■ YOUR TASK
Aim for an exact copy of the listing, without any images.

■ INFORMATION SUPPLIED
■ ■ ■ ■ ■
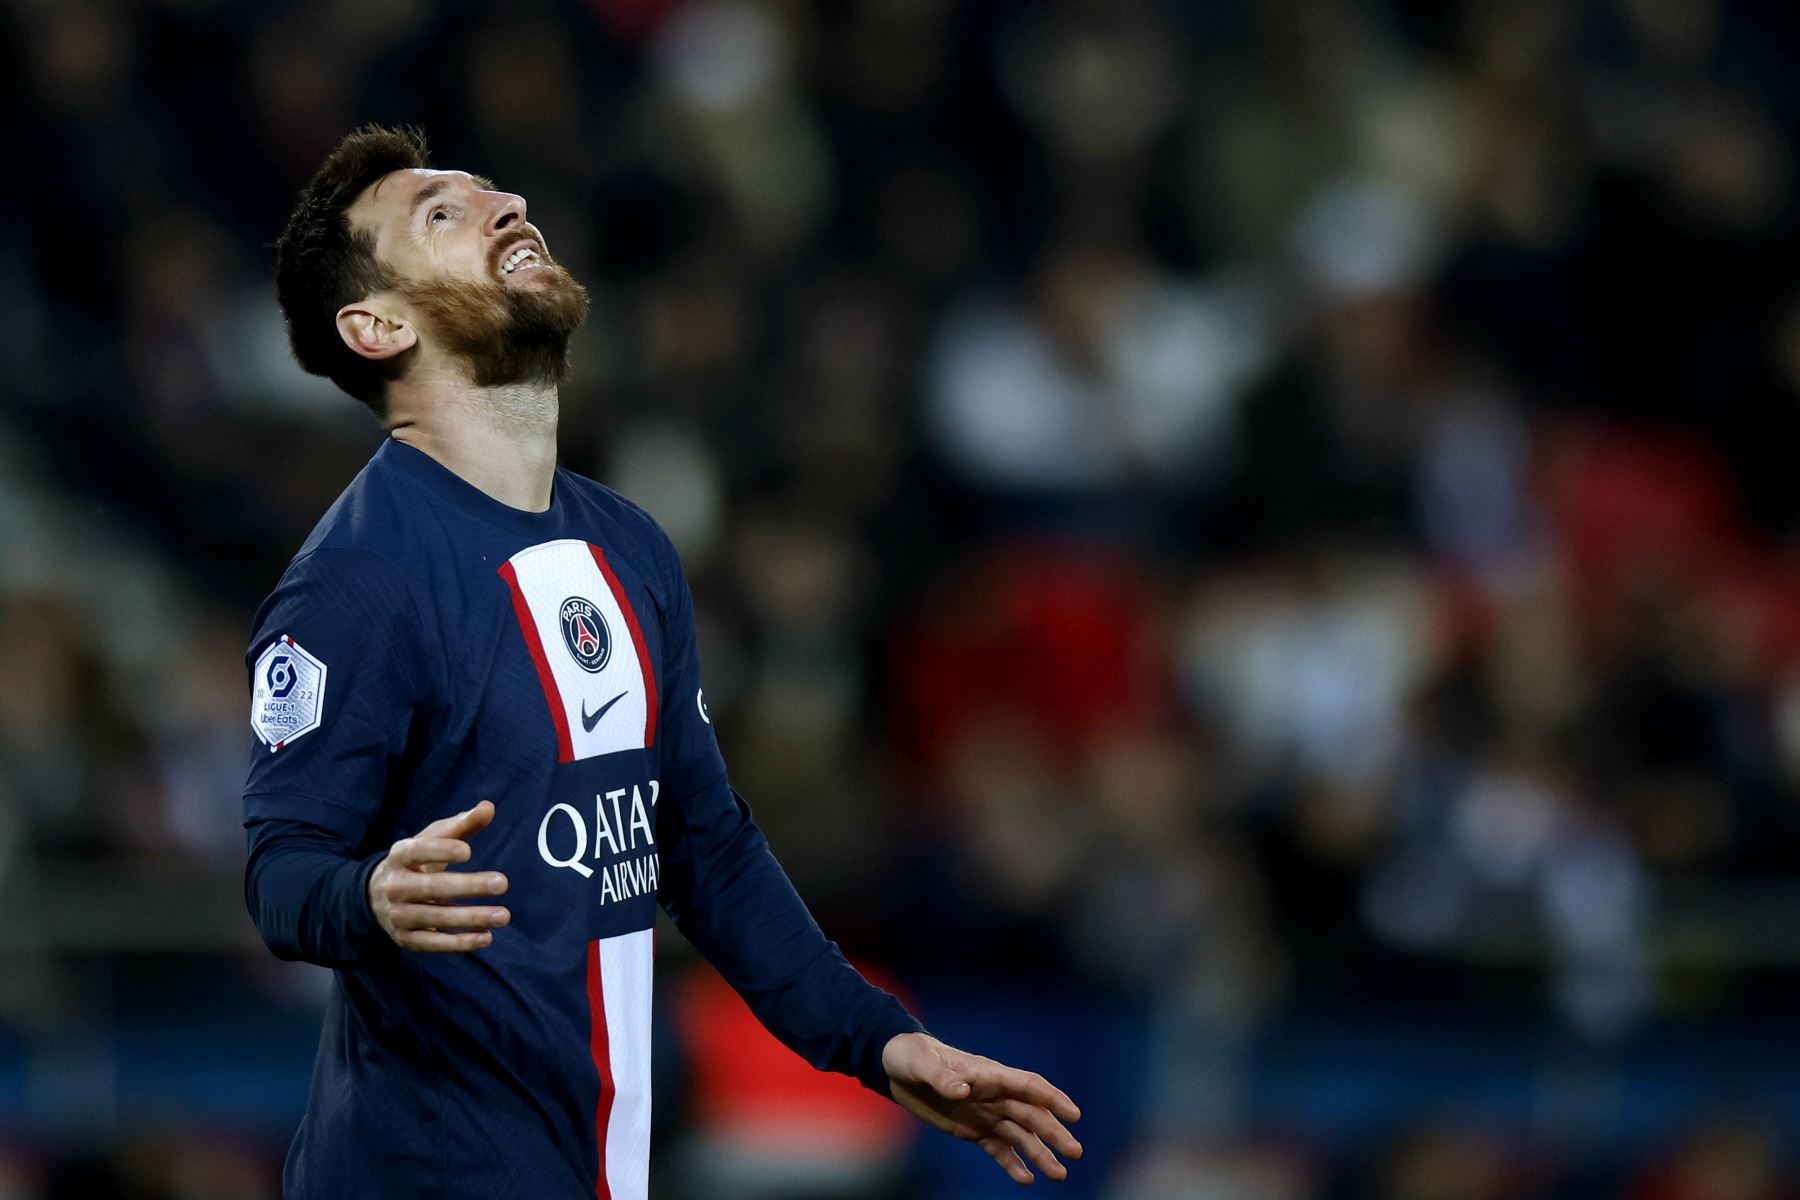 Lionel Messi del Paris Saint Germain reacciona durante el partido de fútbol de la Ligue 1 francesa entre el PSG y el Toulouse FC en el estadio Parc des Princes de París, Francia.
Foto: EFE
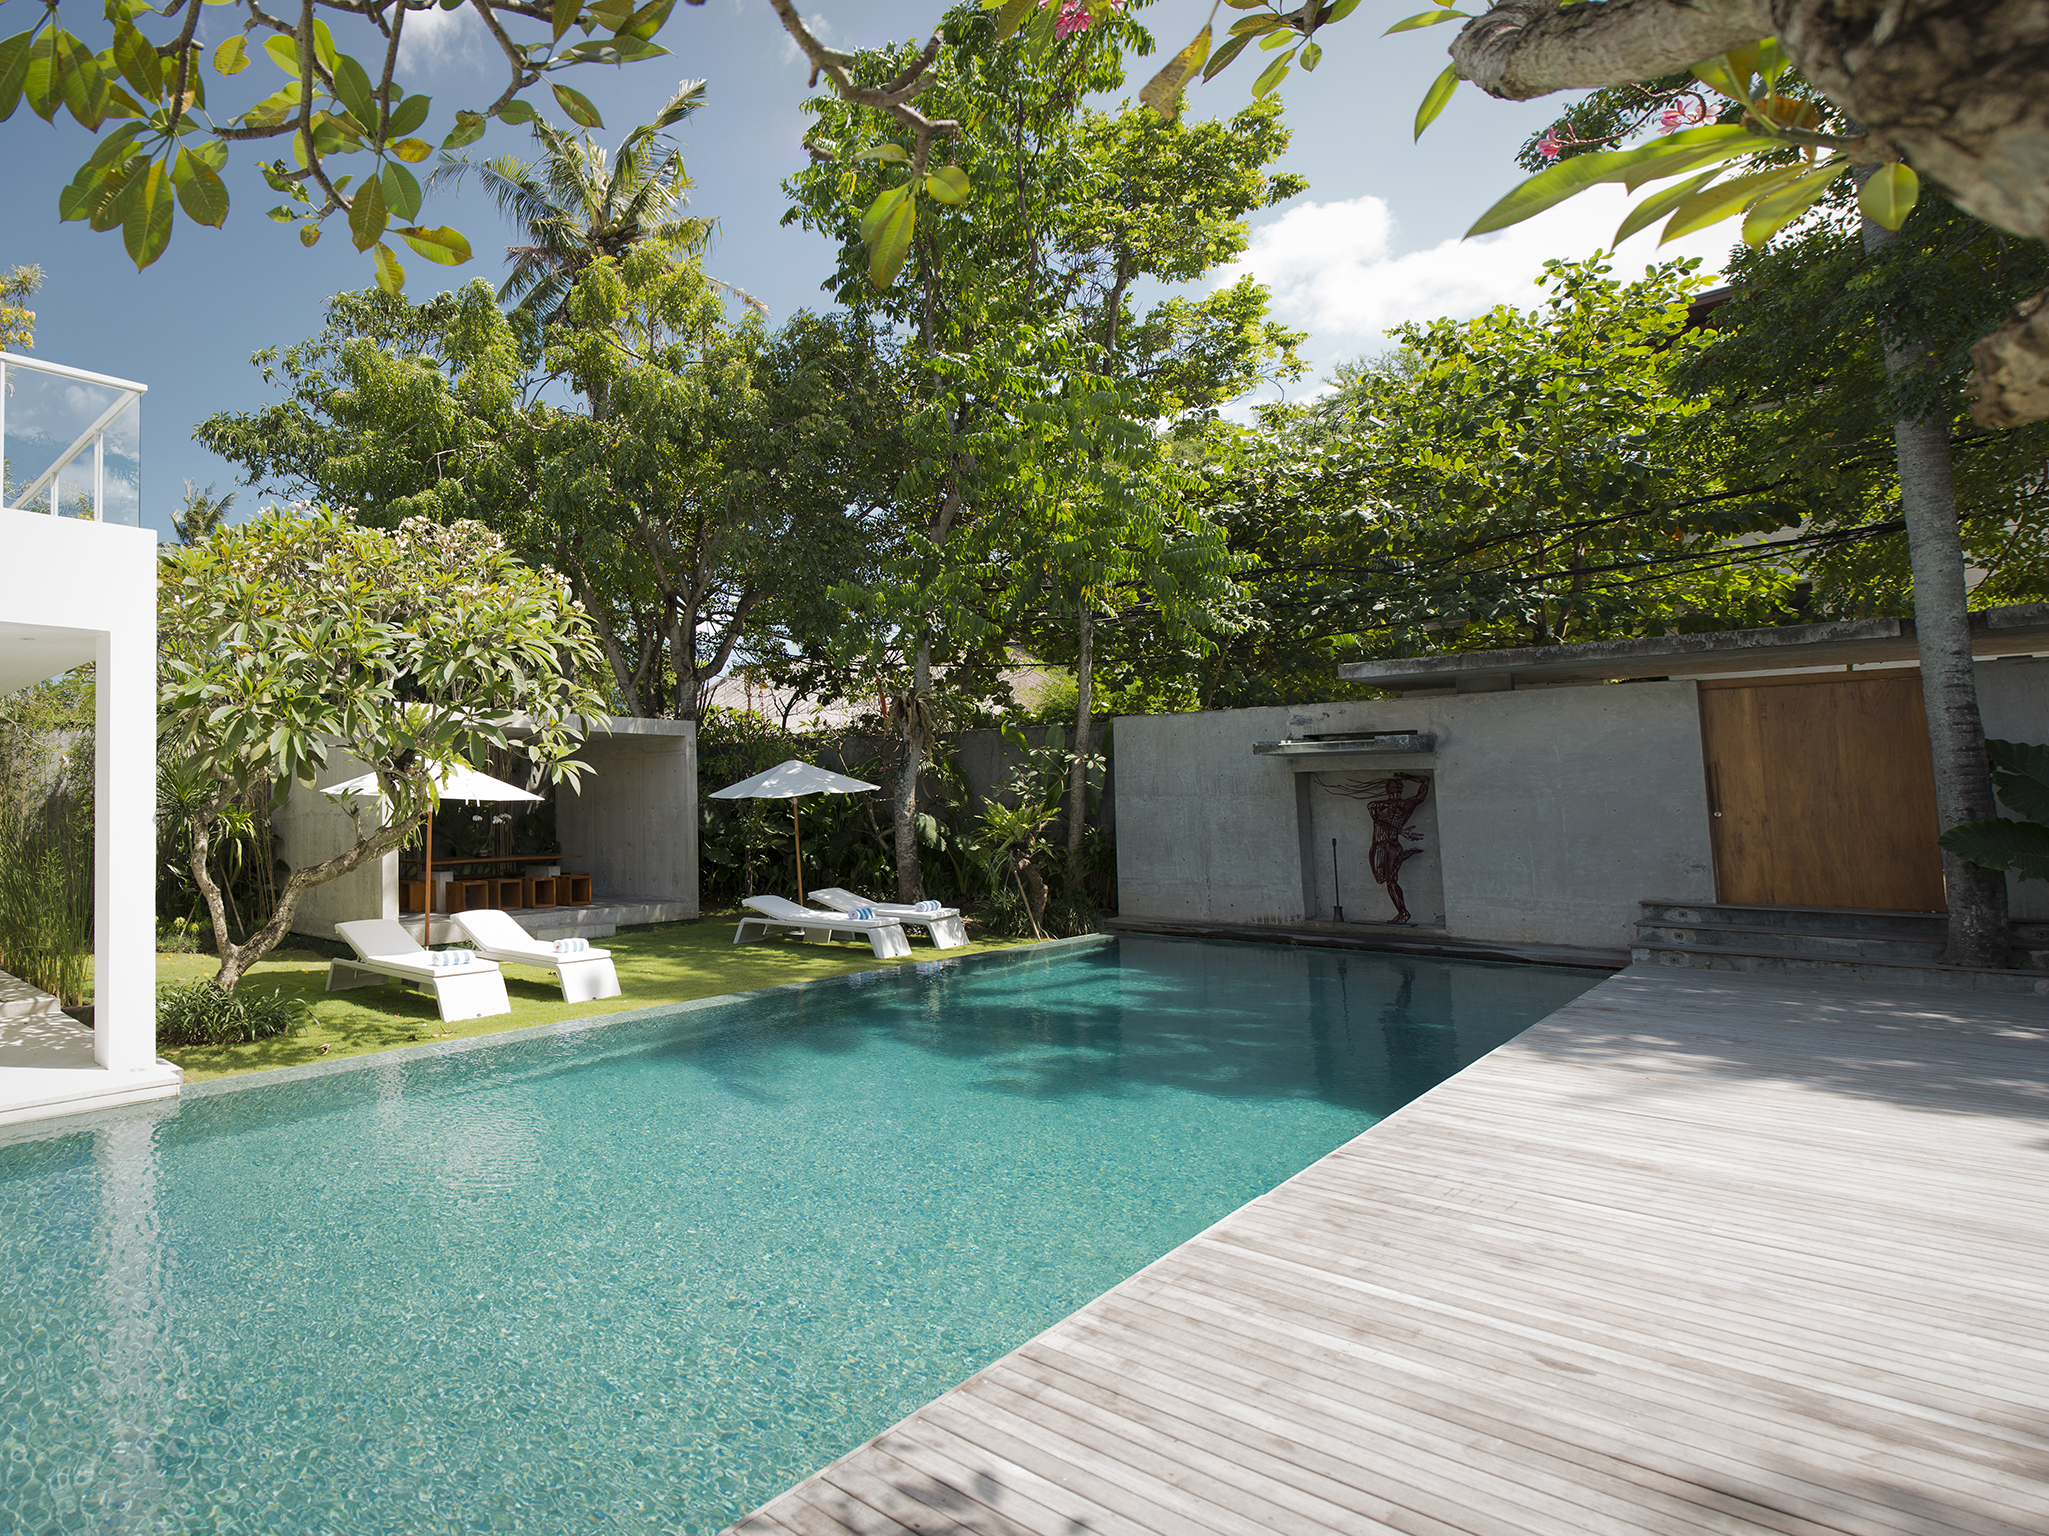 Villa Canggu - Villa South pool and deck - Villa Canggu South, Canggu, Bali
■ ■ ■ ■ ■
■ RESPONSE TO THIS TASK
 Lionel Messi del Paris Saint Germain reacciona durante el partido de fútbol de la Ligue 1 francesa entre el PSG y el Toulouse FC en el estadio Parc des Princes de París, Francia.
Foto: EFE
 Villa Canggu - Villa South pool and deck - Villa Canggu South, Canggu, Bali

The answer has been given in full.